I suppose the user could determine the ideal kP for both POn=1 and POn=0 ... in your example Kpe=10 and Kpm=100, then they could use something like Kp=50 for POn=0.5.

Even so, I do like the suggestion to have the separate kPm and kPe parameters. I have some hardware on order that should arrived sometime soon (TCLab and a MAX31856) so I'll be able to run tests on a system based on heating and thermocouple(s).

There's been an interesting discussion here on P_ON_M vs P_ON_E and I wonder how using an adjustable POn with separate Kp values would have worked on that system.

[halmos]

I suppose the user could determine the ideal kP for both POn=1 and POn=0 ... in your example Kpe=10 and Kpm=100, then they could use something like Kp=50 for POn=0.5.

Yes, that's true. I guess it's a trade off between api complexity and control.
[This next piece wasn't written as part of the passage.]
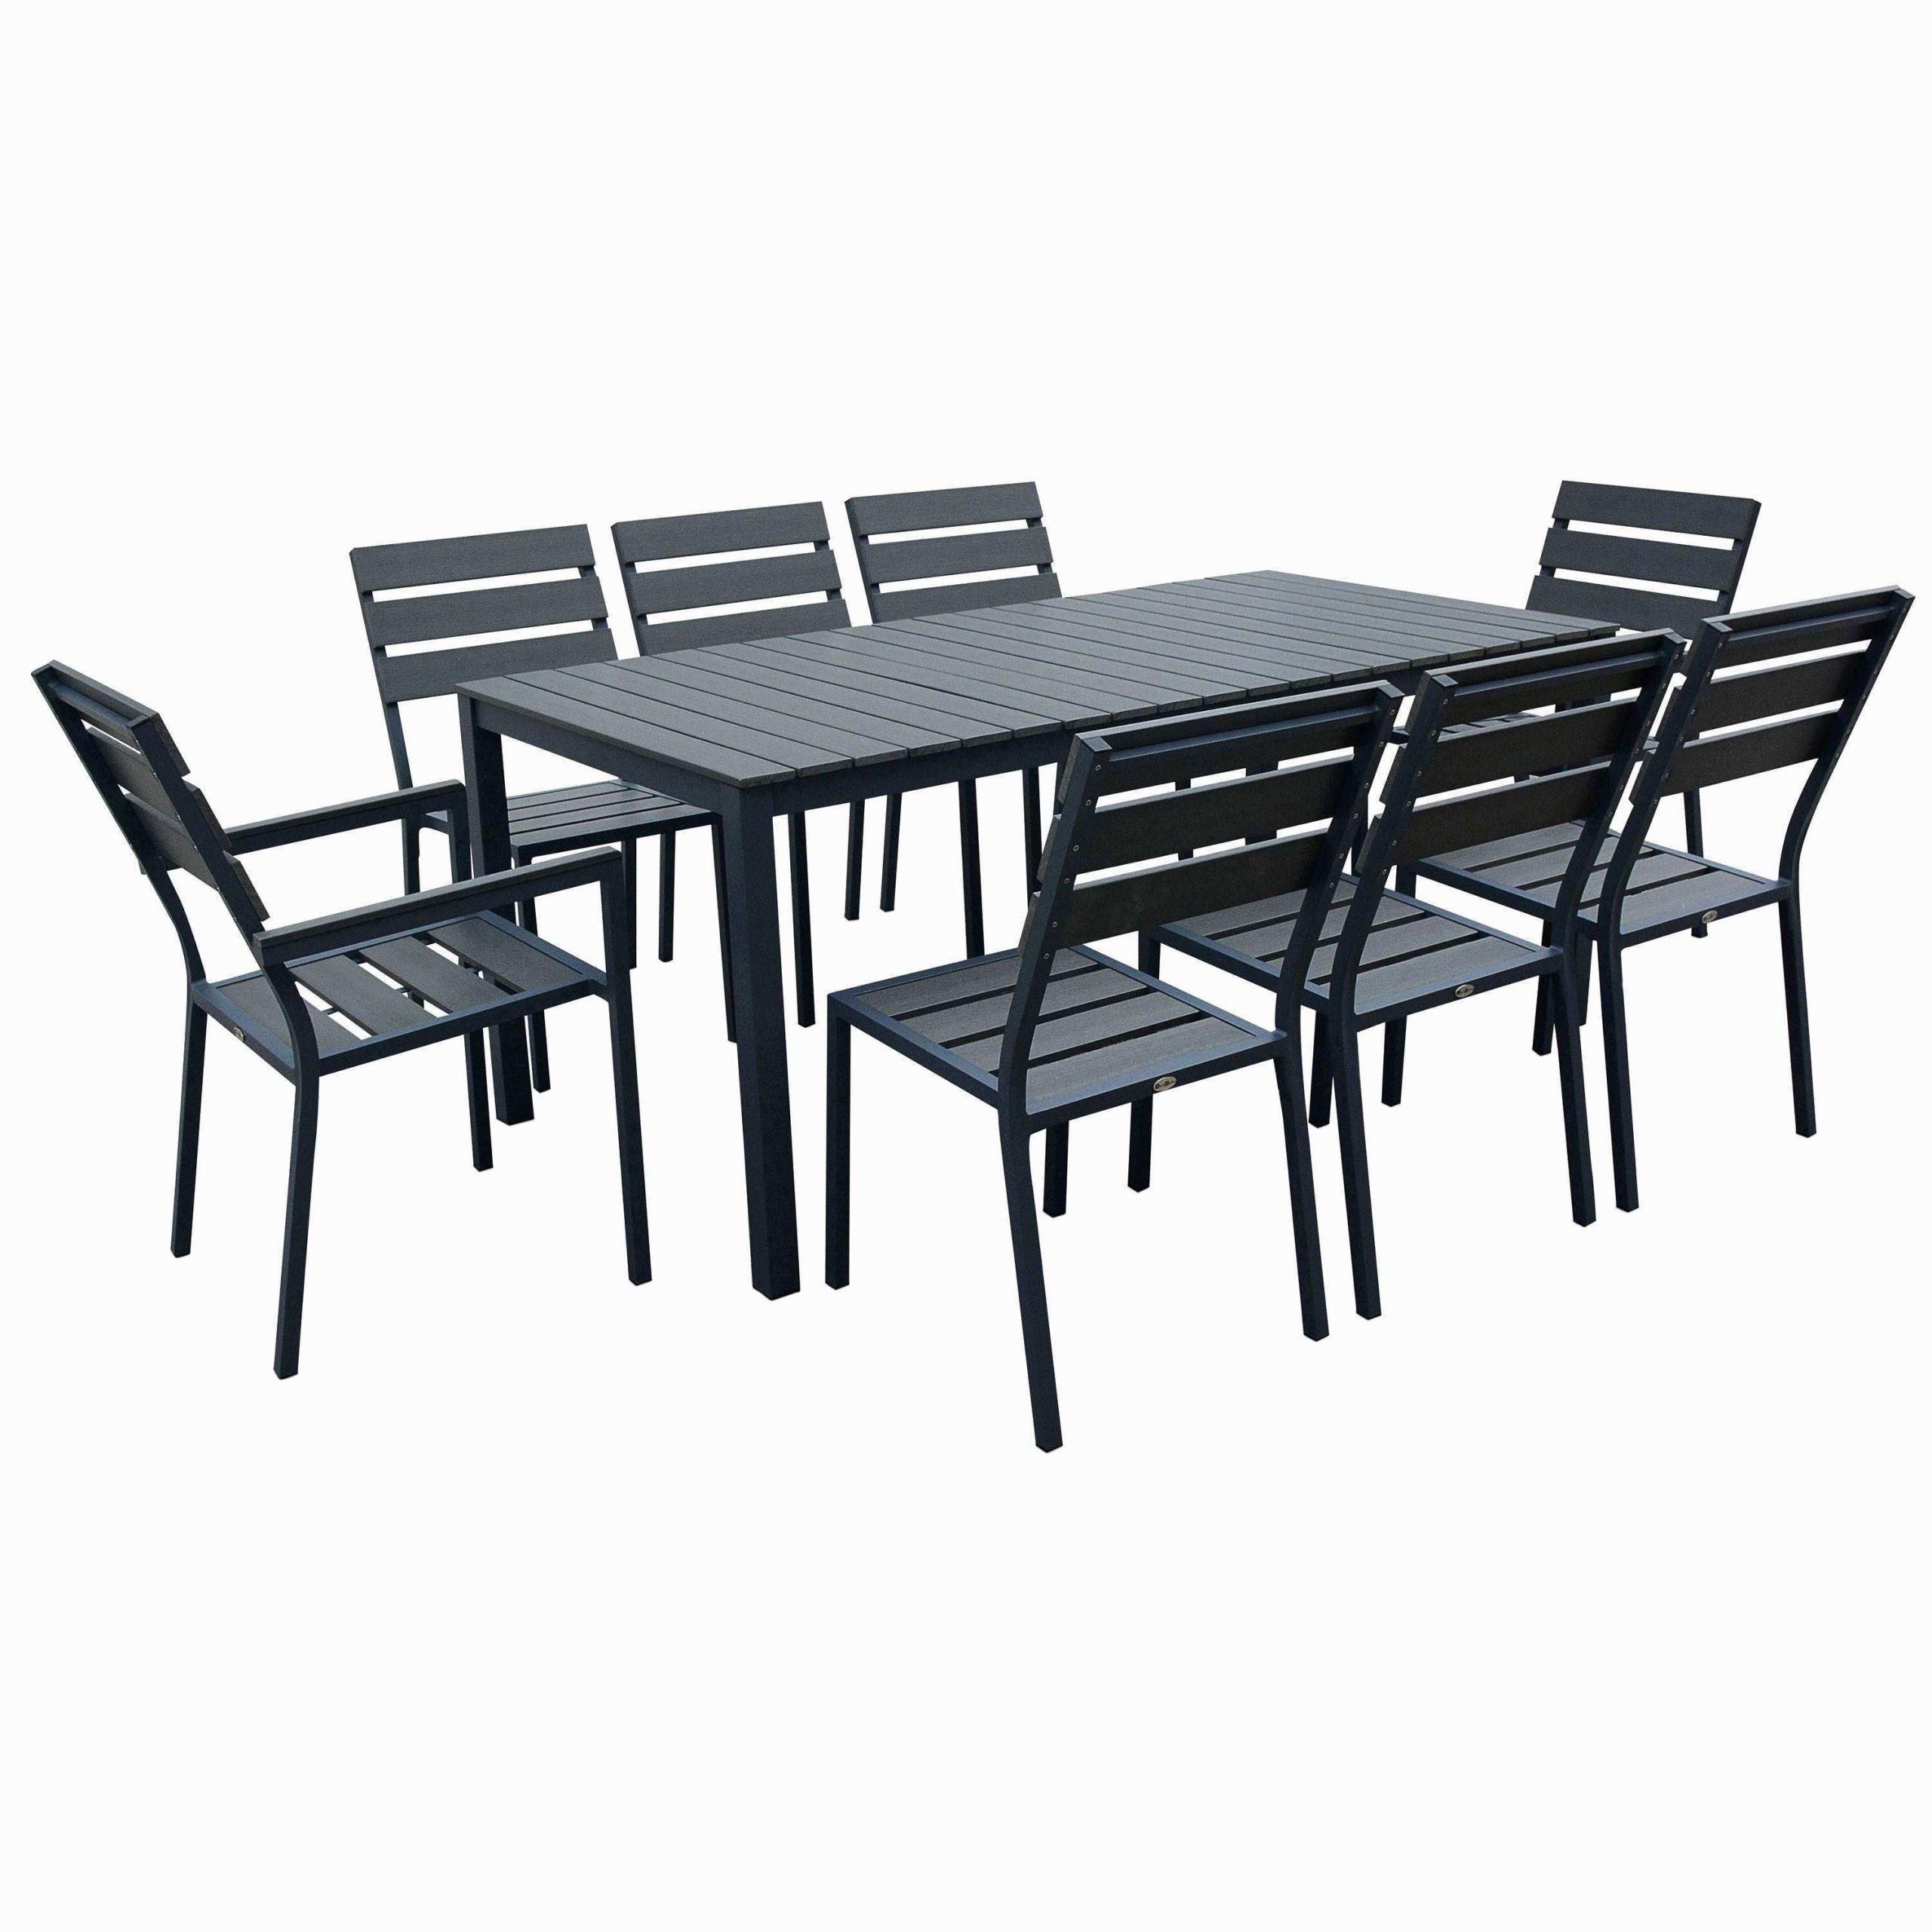 table de terrasse pas cher luxury cdiscount table de jardin of table de terrasse pas cher

The reason that I came to post this issue was that I had made the wrong assumption that the POn ratio would have a linear response - but that's not possible with a single kp value.

Also, it occurs to me that if you have two independent P_ON_M and P_ON_E parameters, you may not really need a POn parameter as you can adjust those inputs relative to each other... ?

[halmos]

Also, since we already opened this can of worms, I was wondering if the DOn might have a similar set of issues.

For DOn, I thought perhaps that the deTerm should be proportional to a dError value. ie. the D error should actually be a derivative of the error in the same way that the dmTerm is a derivative of the measurement. Currently deTerms is exactly the same value as the pmTerm which seems odd to me (but without a deep understanding of what a DOn ratio would be expected to do)

[Dlloydev]

My initial tests with POn and DOn were done with the RC filter example and an Arduino UNO. The idea for both ratios were to allow mixing of "error to measurement" in addition to just selecting one or the other. When some new hardware I ordered eventually arrives, I'll be able to do testing with a more conventional thermal / thermocouple system. At this point I'll re-visit POn and DOn and do more stringent testing ... will also be able to work on autoTune and expand its compatibility.